> **TRY IT**
Exactly reproduce the lines from the one containing "Golden Temple Sri" through the last line of the data, both ends included, leaving out pictures.

> **ENTRIES SHOWN**
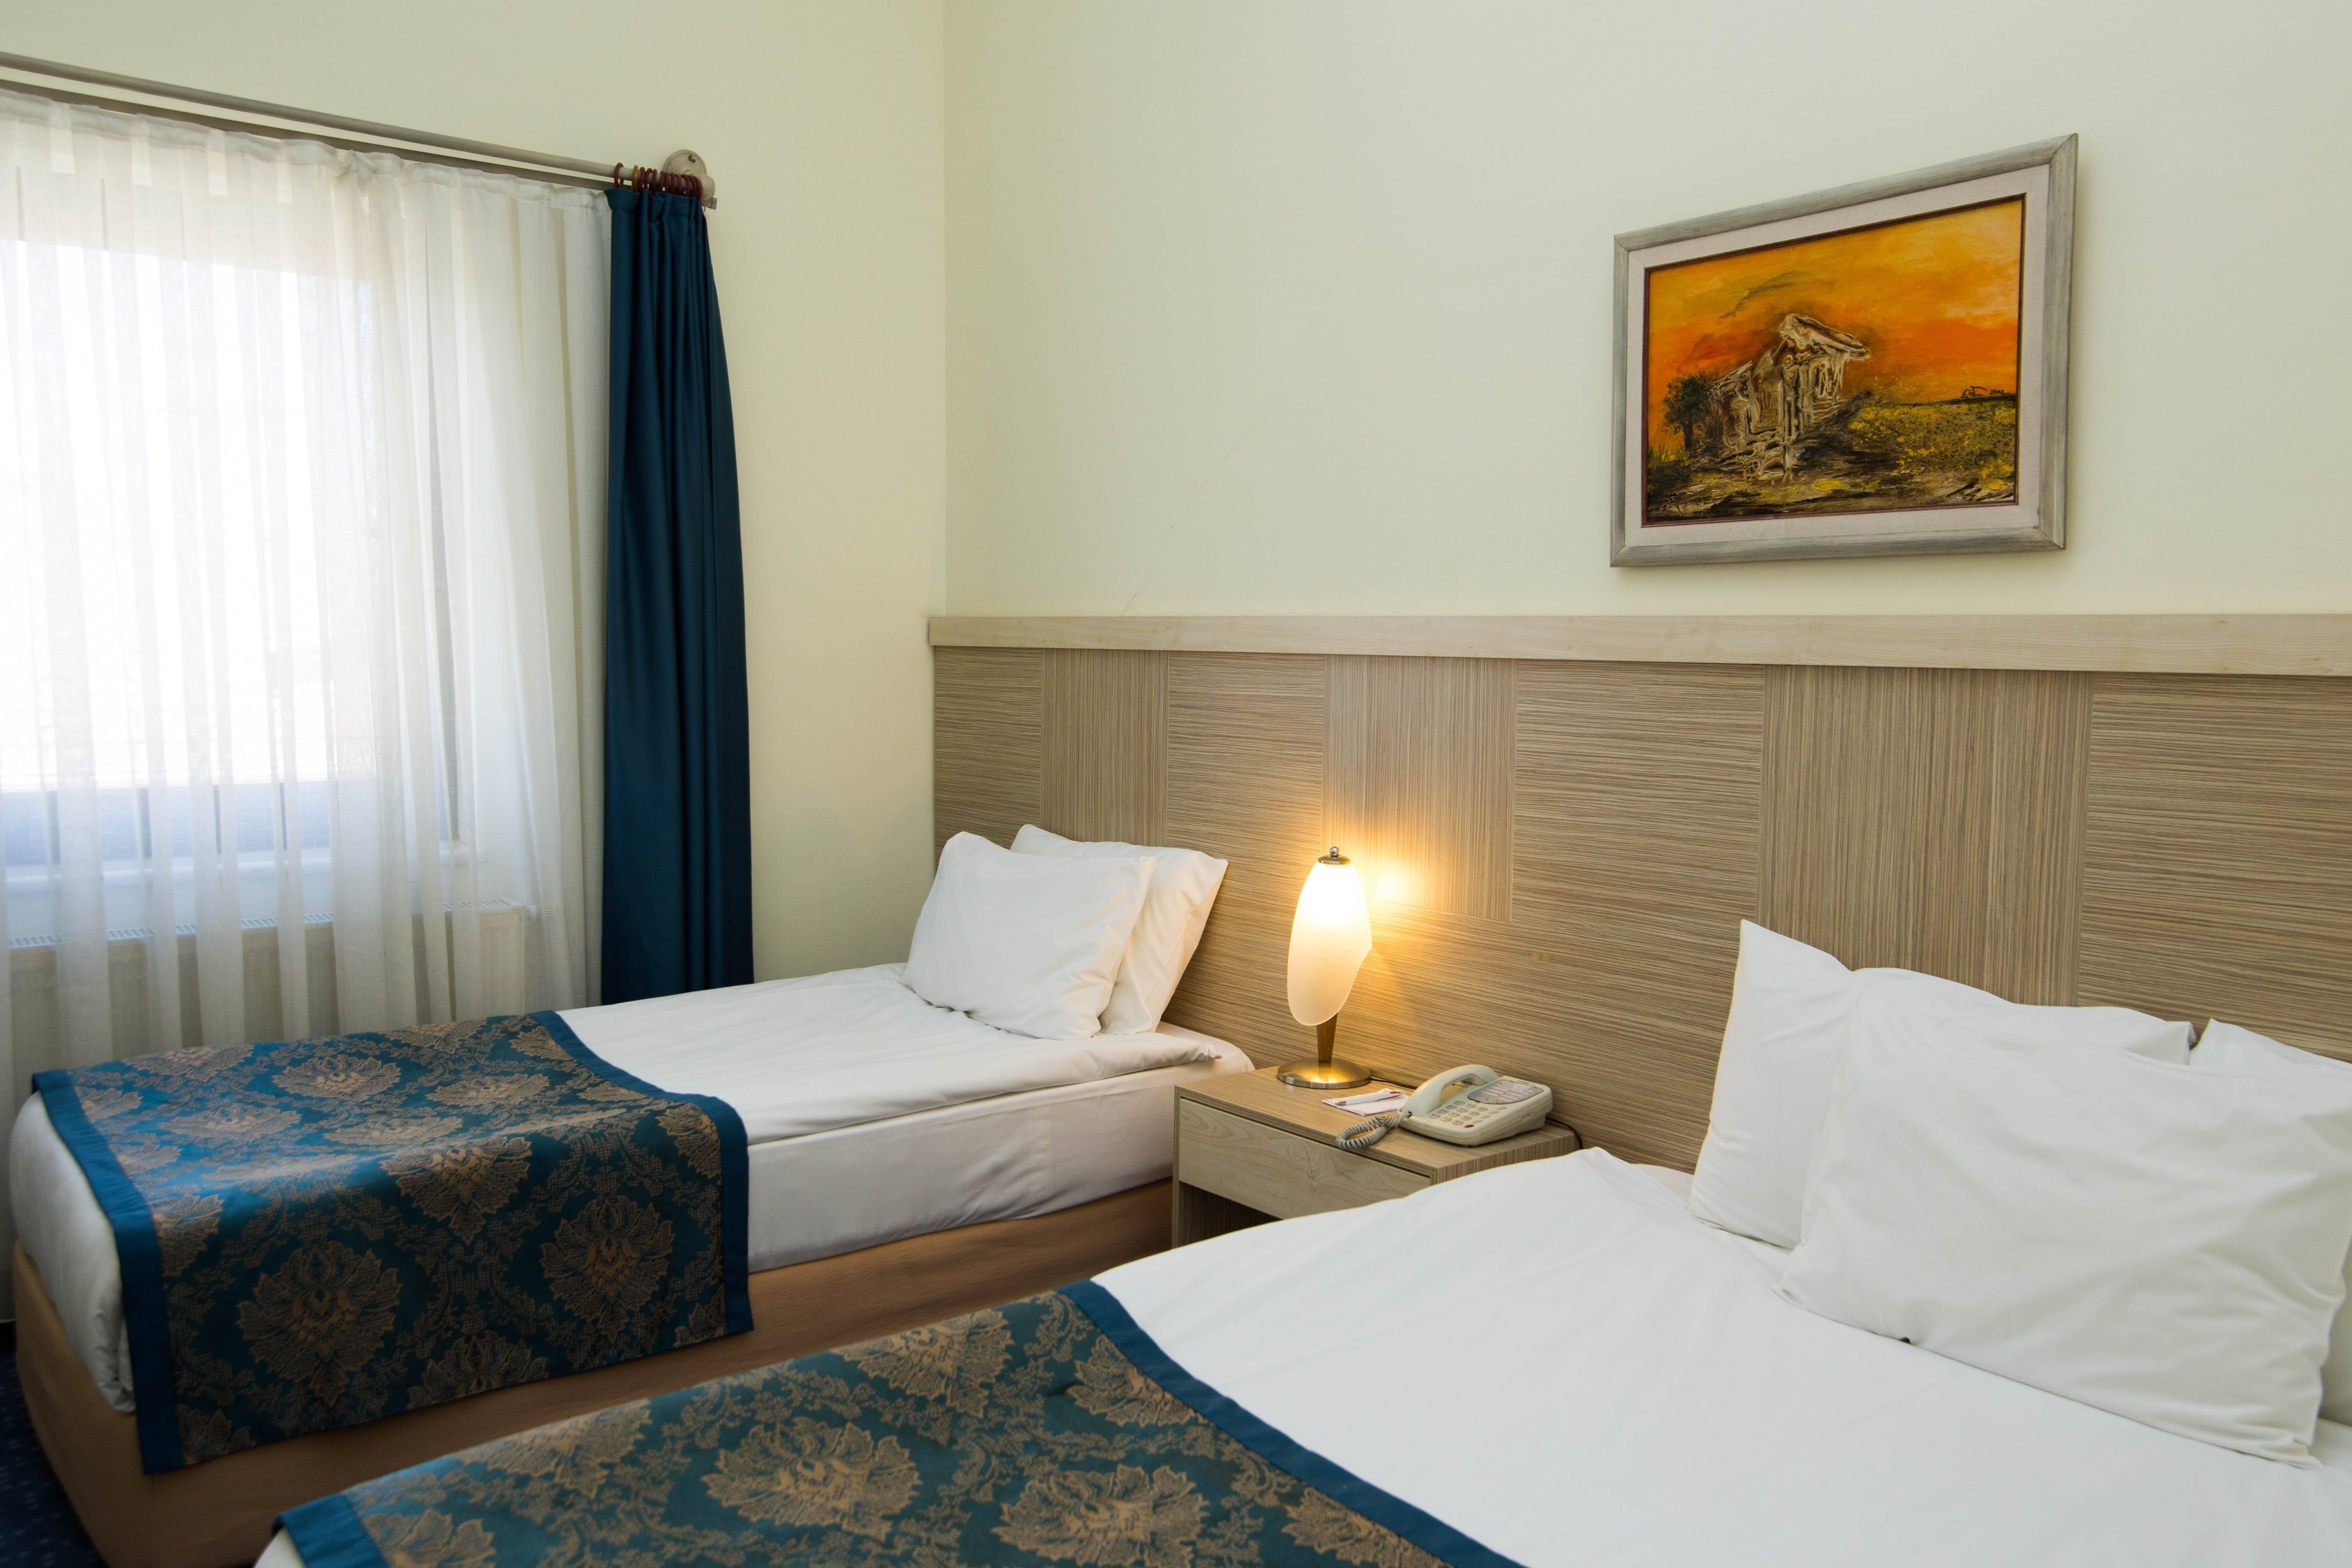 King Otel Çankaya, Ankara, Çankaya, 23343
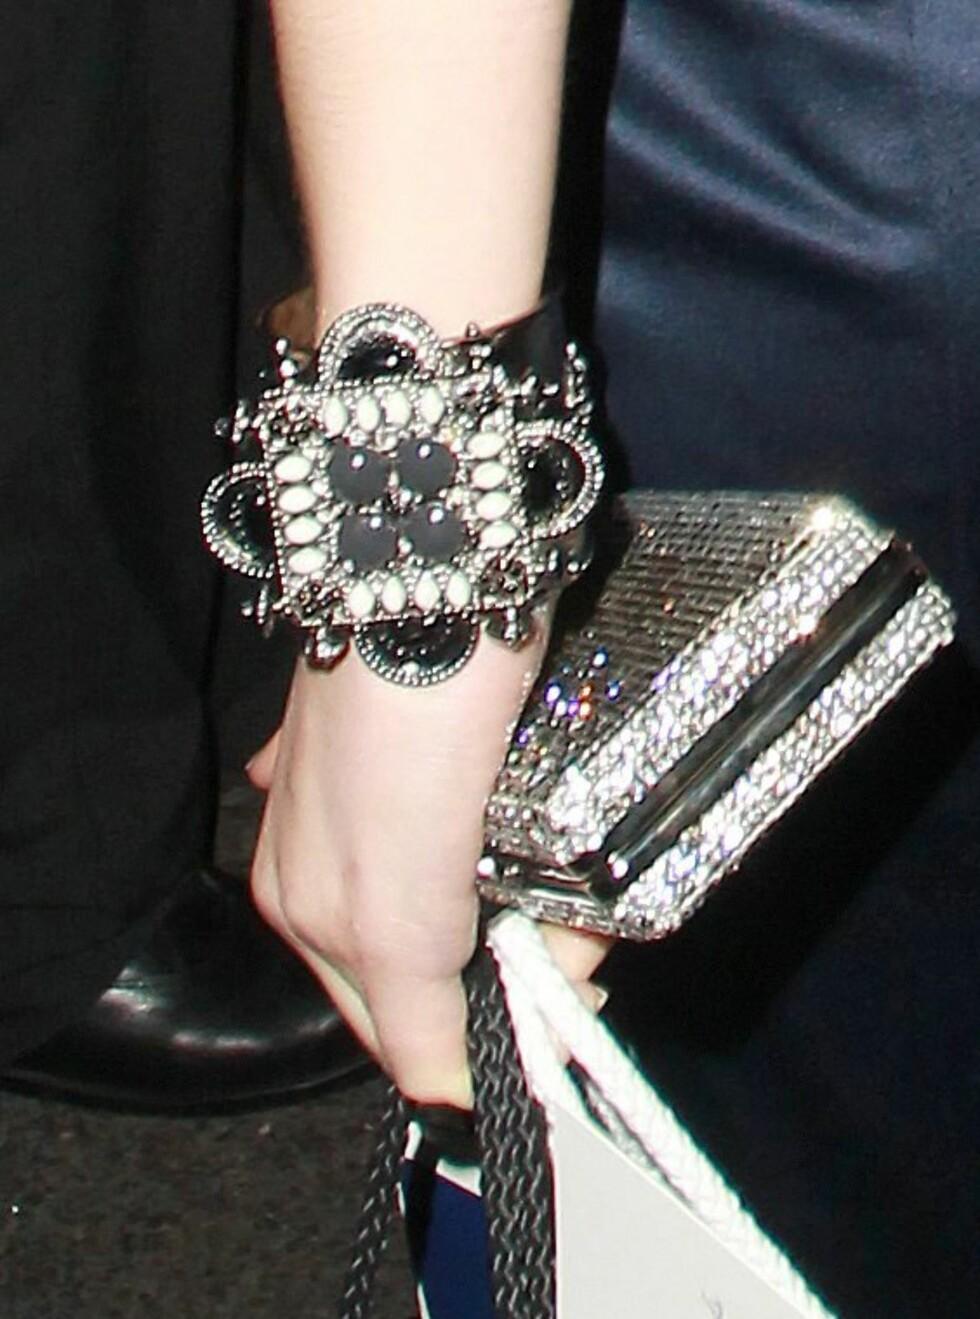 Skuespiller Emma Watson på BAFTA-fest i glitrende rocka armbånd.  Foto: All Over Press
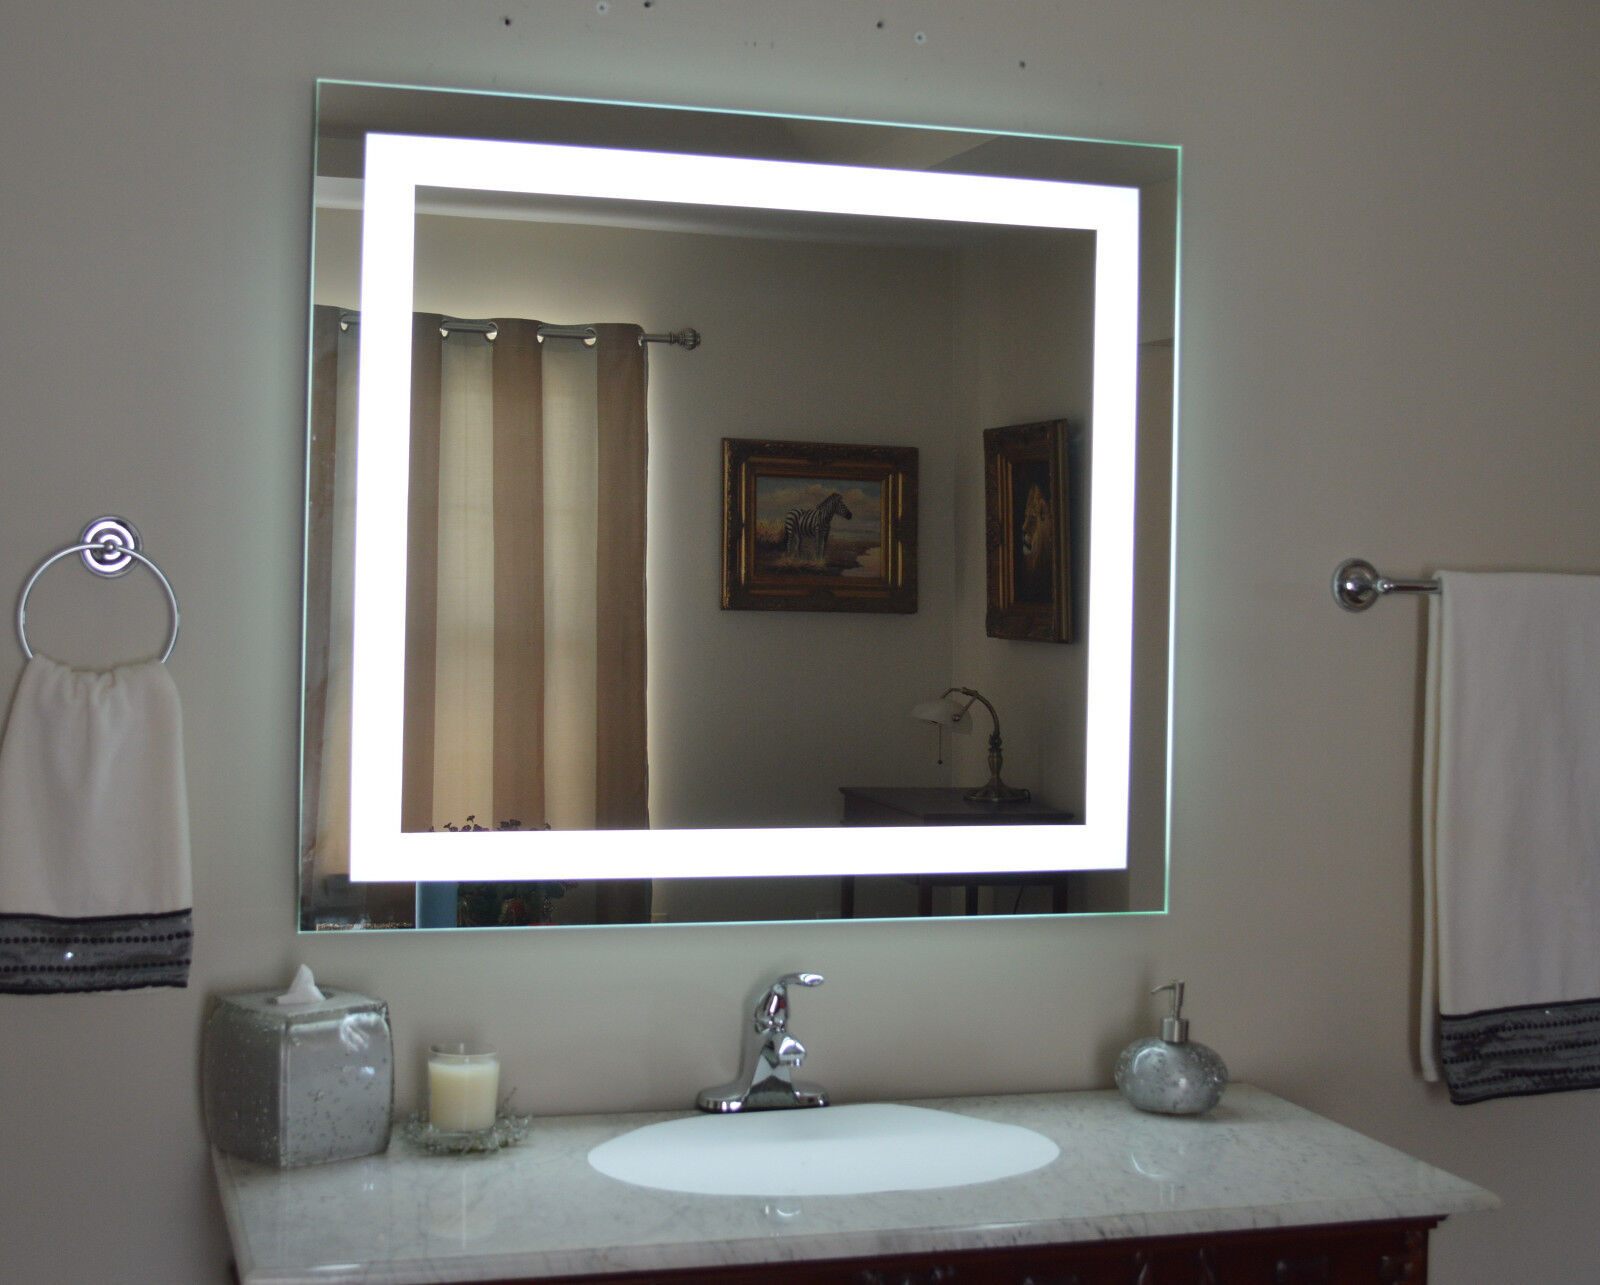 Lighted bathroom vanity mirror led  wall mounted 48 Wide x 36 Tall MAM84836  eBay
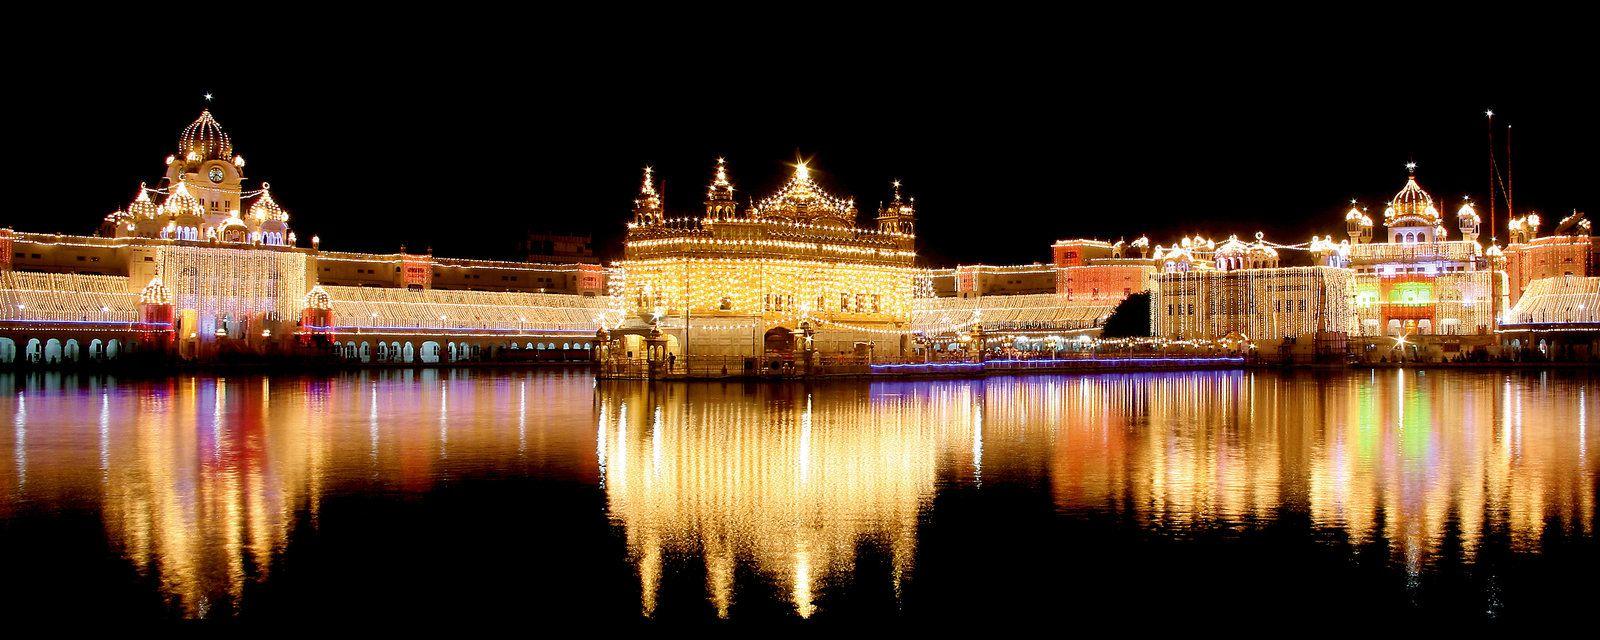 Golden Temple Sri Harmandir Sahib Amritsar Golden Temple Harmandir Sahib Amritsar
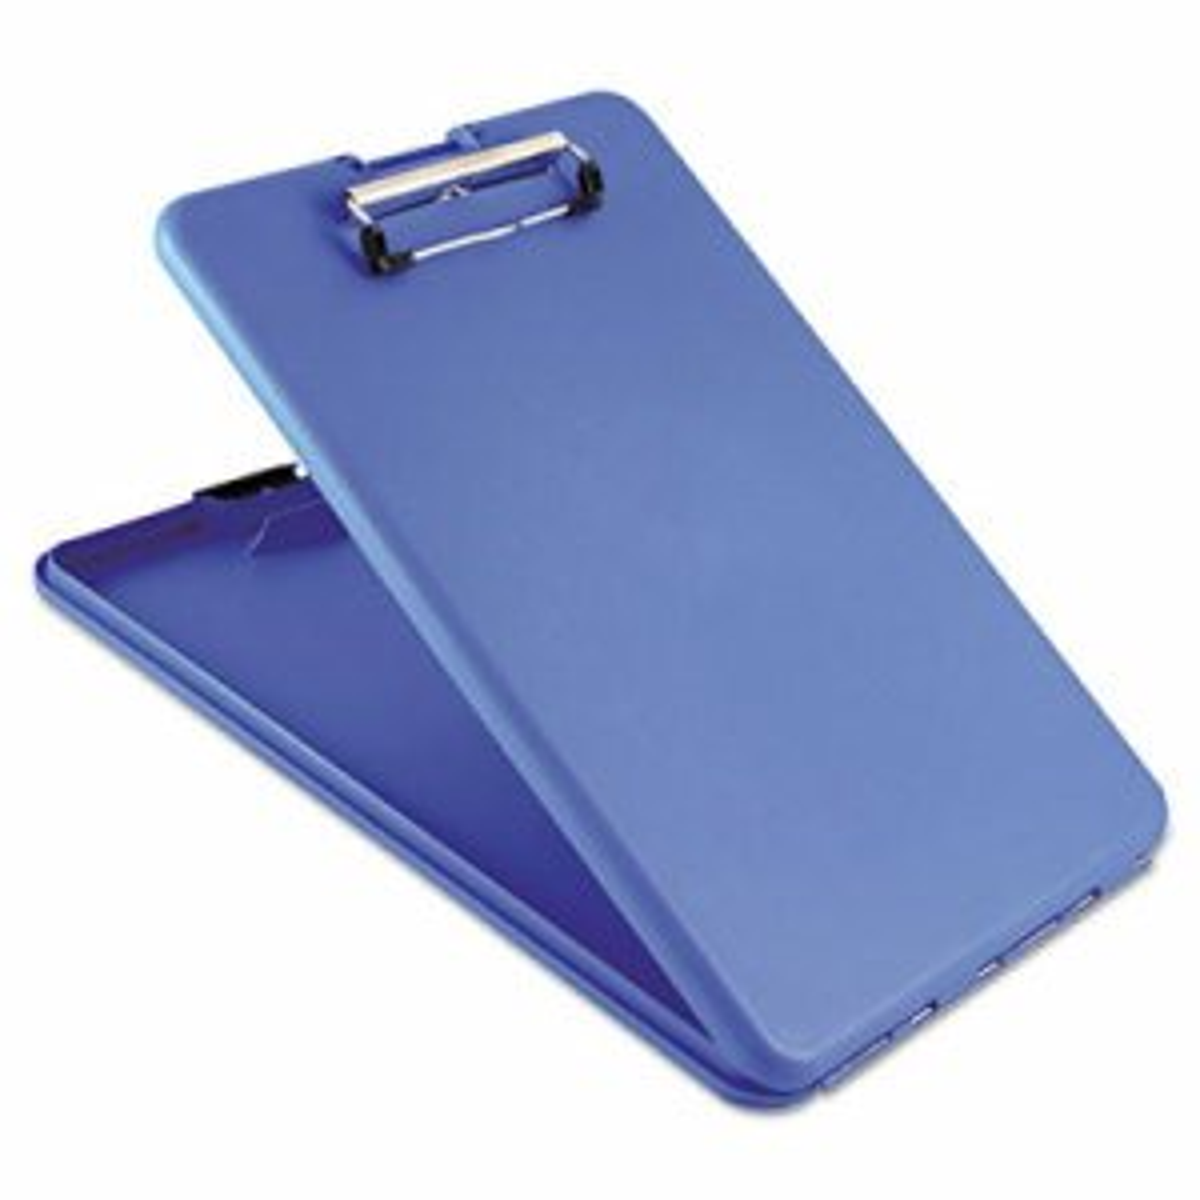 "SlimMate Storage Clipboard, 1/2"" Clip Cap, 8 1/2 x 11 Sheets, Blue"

> **RESULT**
 Golden Temple Sri Harmandir Sahib Amritsar Golden Temple Harmandir Sahib Amritsar
 "SlimMate Storage Clipboard, 1/2"" Clip Cap, 8 1/2 x 11 Sheets, Blue"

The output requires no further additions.